In the example above, “Documents” is a directory that can contain multiple files. Understanding the concept of directories is crucial for organizing and managing your data, especially in research.

Enter: UNIX and Terminal

UNIX is a powerful and versatile operating system that has been widely used in scientific computing, including astronomy and data science. It provides a command-line interface (CLI; also called the shell or the terminal) for interacting with the computer’s operating system. While modern versions of UNIX, such as Linux, macOS, and others, have evolved, they still retain the core principles and commands that originated with the original UNIX system.

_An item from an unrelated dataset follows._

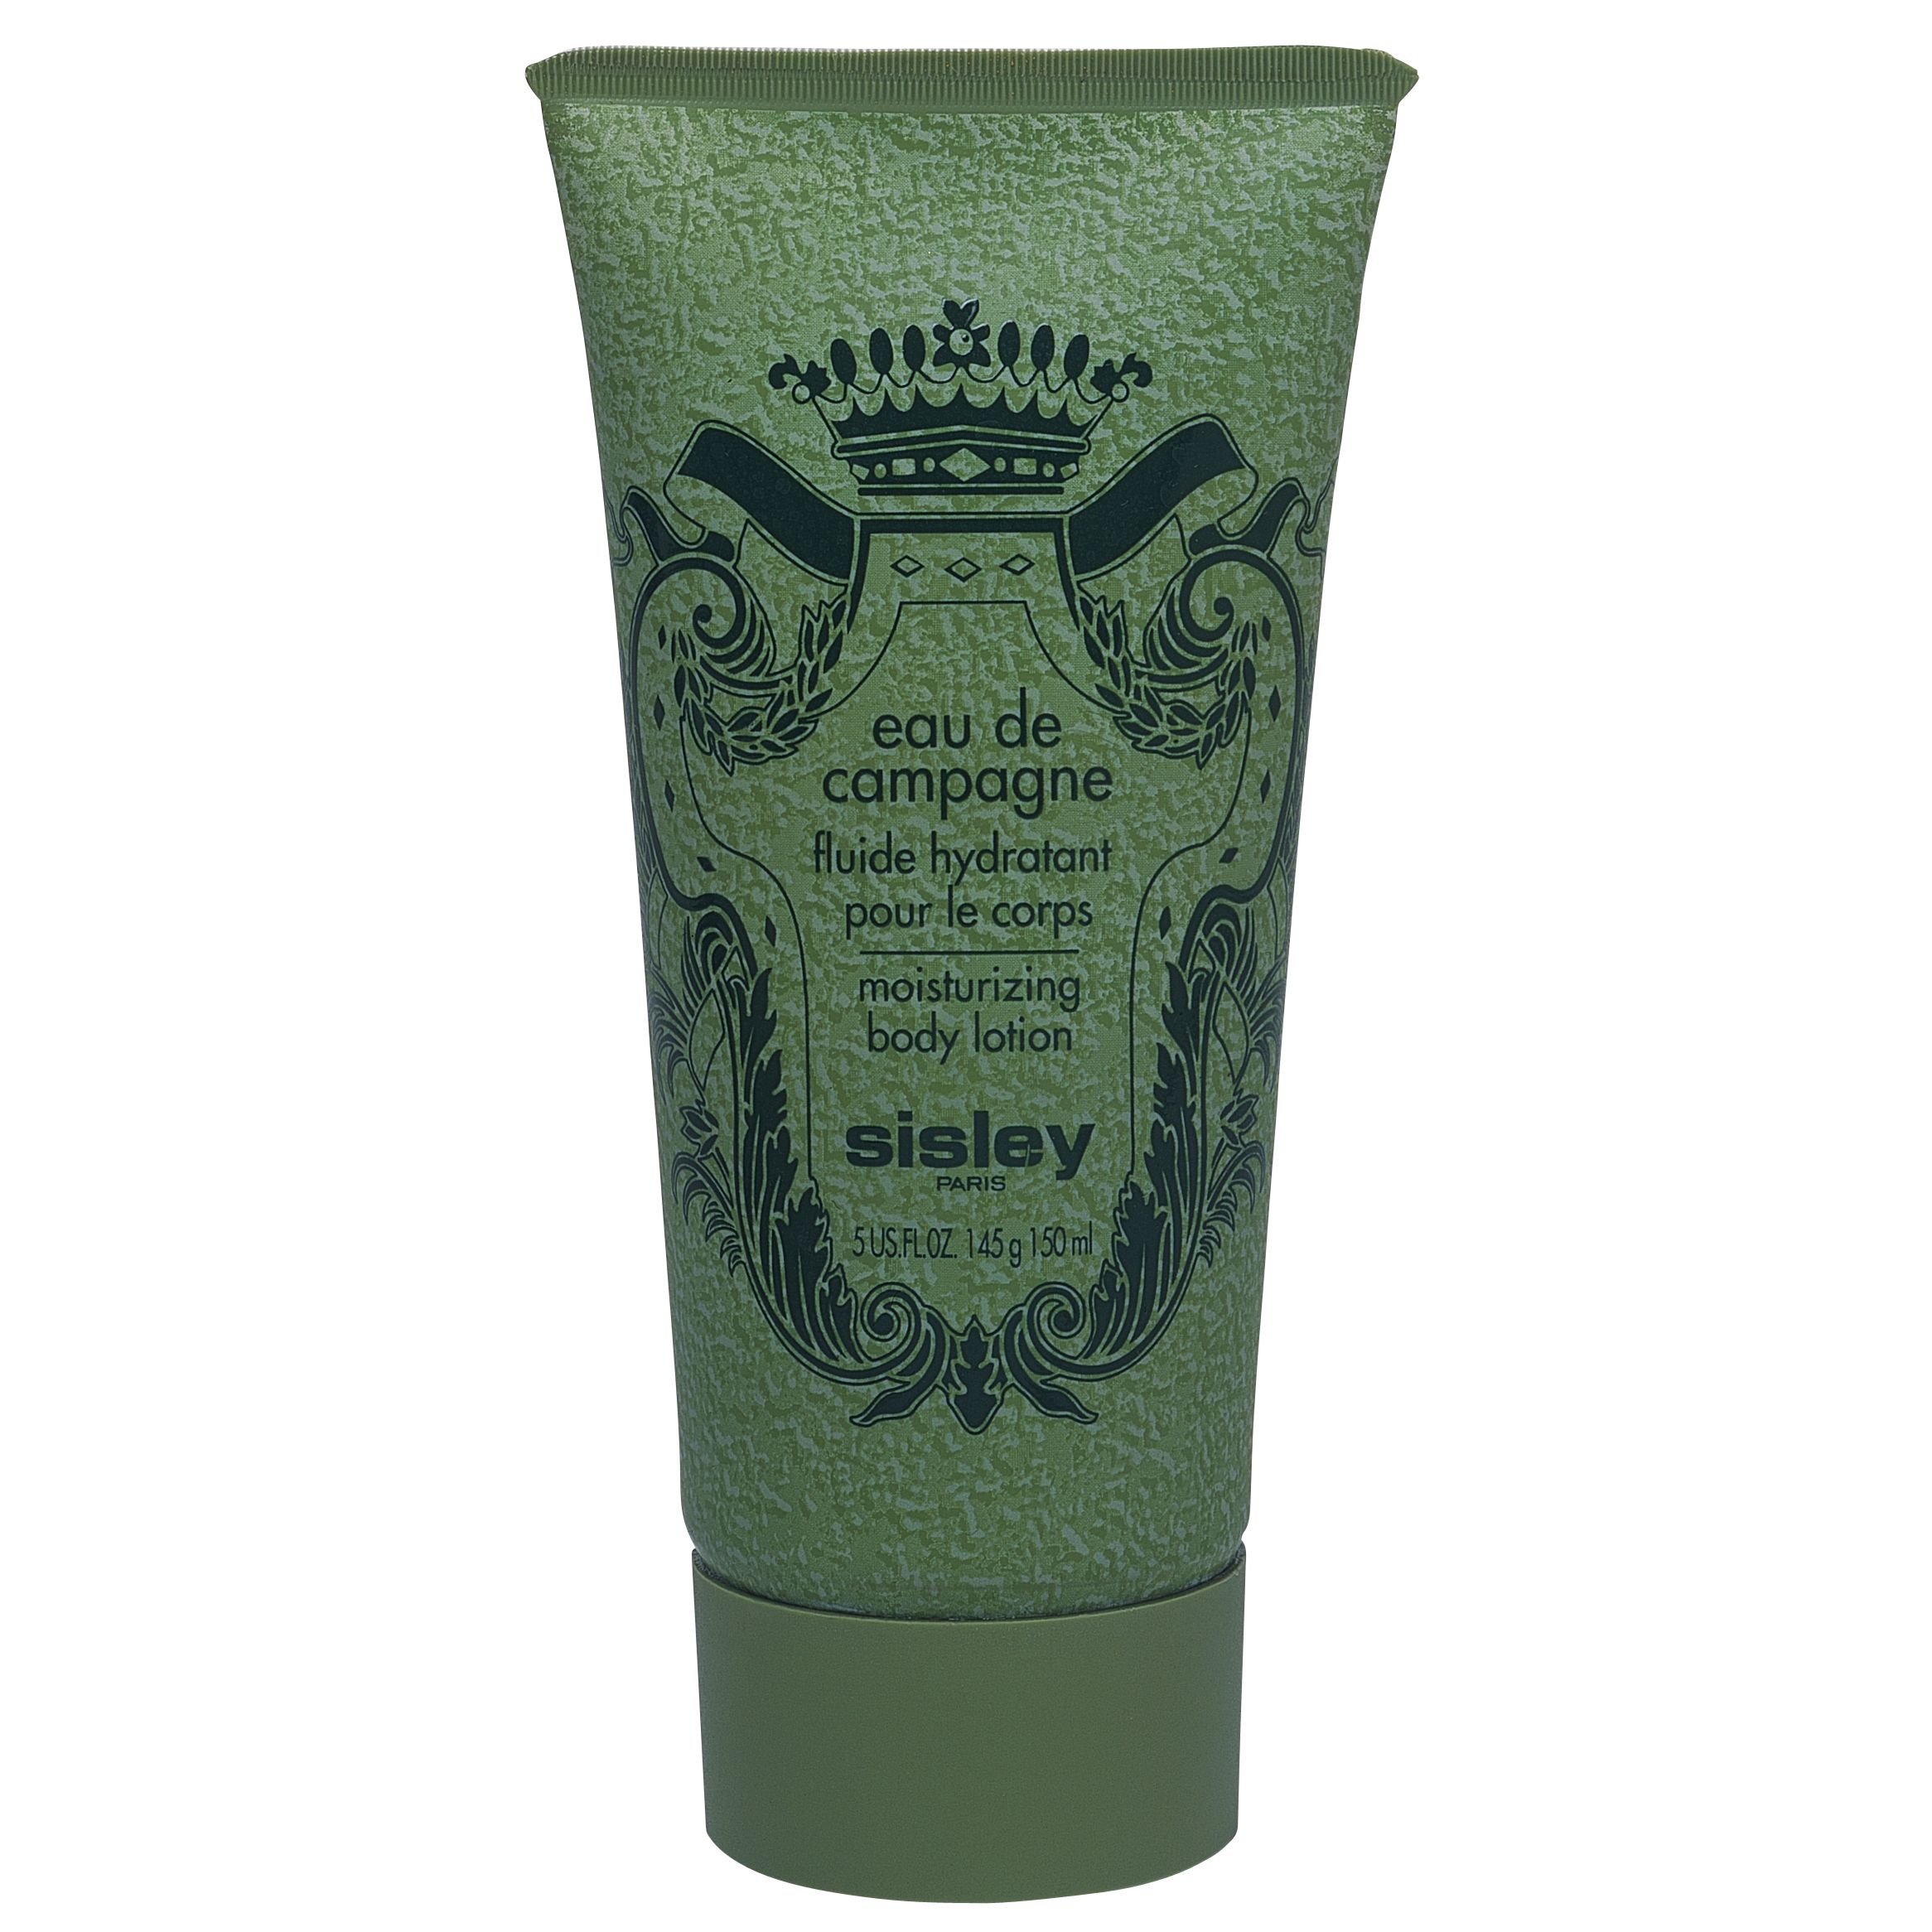 Sisley-Paris Eau de Campagne Moisturising Body Cream, 150ml

The terminal is a text-based interface that allows users to interact with their computer’s operating system by typing commands. Unlike graphical user interfaces (GUIs) like Finder, which use visual elements like windows and buttons, the terminal relies on text commands.

A note on terminology:

  • Operating Systems: UNIX, Linux, macOS, Windows, Debian
  • CLIs: Command line, terminal, shell (specific CLI)
  • Shell Languages: bash, zsh

Key Components of the Terminal:

  • Prompt: The prompt displays information about the system’s current state and awaits your command.
  • Command Line: This is where you input commands. You type a command and press Enter to execute it.
  • Output: After executing a command, the terminal provides output, displaying information or responses from the system.
Terminal

In practice, your default mac terminal might look something like this:

Terminal

iTerm

Anatomy of a UNIX Command:

Understanding the anatomy of a UNIX command is crucial for effectively using the command line. Let’s break down the key components: command, options/flags, and arguments.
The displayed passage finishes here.